Next, to assess value, we created our own set of rankings for all draft prospects using 2 different approaches: (1) using current and former NHL players that played in these junior hockey leagues between 1997 – 2015, fit a ridge regression of their junior hockey stats to their (a) NHL GVT and (b) an indicator if they played 10 NHL games, and use the best-fit equation to project draft prospects, and (2) find comparable players based on junior hockey statistics using a K-nearest neighbors approach, and use the comparable players’ NHL performance to project draft prospects. We will focus on (2), the K-nearest neighbors approach, as it is the more interesting approach and something we have not previously discussed, whereas regression analyses of college stats tend to be done more often and are highly limiting.

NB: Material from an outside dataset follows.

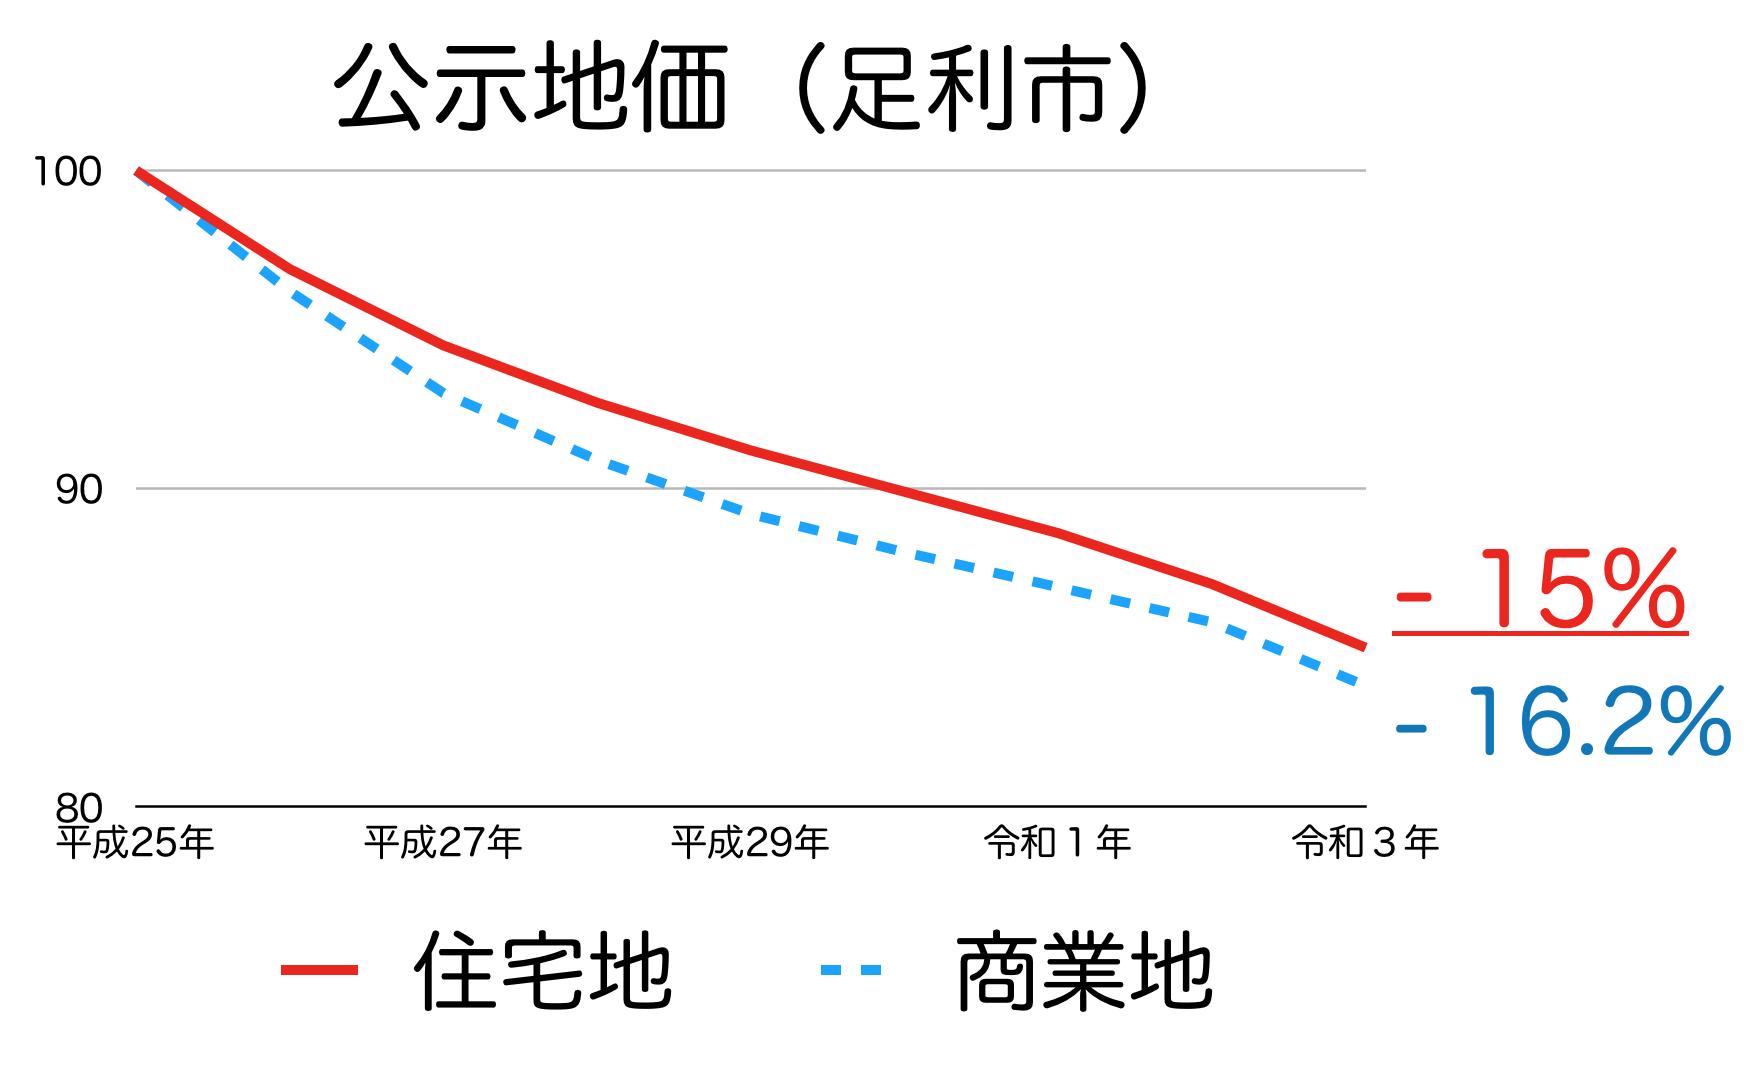 足利市の公示地価の推移

The intuition behind using a K-nearest neighbors approach is that players with similar junior data should perform similarly in the NHL, so finding the most comparable historical junior hockey players for the current draft prospects, and looking at those comparables’ NHL performances, could serve as a good proxy for the current draft prospect’s expected NHL performance. We defined a similar player as a player that played in the same junior hockey league, played the same position (classified either as a forward or defenseman), and then assessed closeness in comparability in height, weight, age, goals, assists, and plus-minus. Setting K = 10, we found for each draft prospect the 10 most comparable players according to this criteria. As an example, we show the results for Pierre-Luc Dubois, the #1 ranked North American skater by Central Scouting:

To reiterate, we found the 10 most comparable players by the latter six statistics, with playing in the same league at the same position a requirement for being a comparable player. We assess closeness in comparability to the other six statistics based on a player’s number of standard deviations away from the mean for each category (for example, Pierre-Luc Dubois was 1.59 standard deviations above the mean for goals scored, so he would be comparable to other players that were 1.59 standard deviations above the mean for goals scored in their junior hockey season). The K-nearest neighbors algorithm is what solves for these 10 most similar players, by minimizing the differences between the statistics. Once the comparables are found, to get a player’s projected GVT, we simply took an average of the NHL GVTs of the 10 comparable players, and the same follows for estimating a player’s chances of making the NHL by calculating the percentage of comparable players that made it into the NHL themselves.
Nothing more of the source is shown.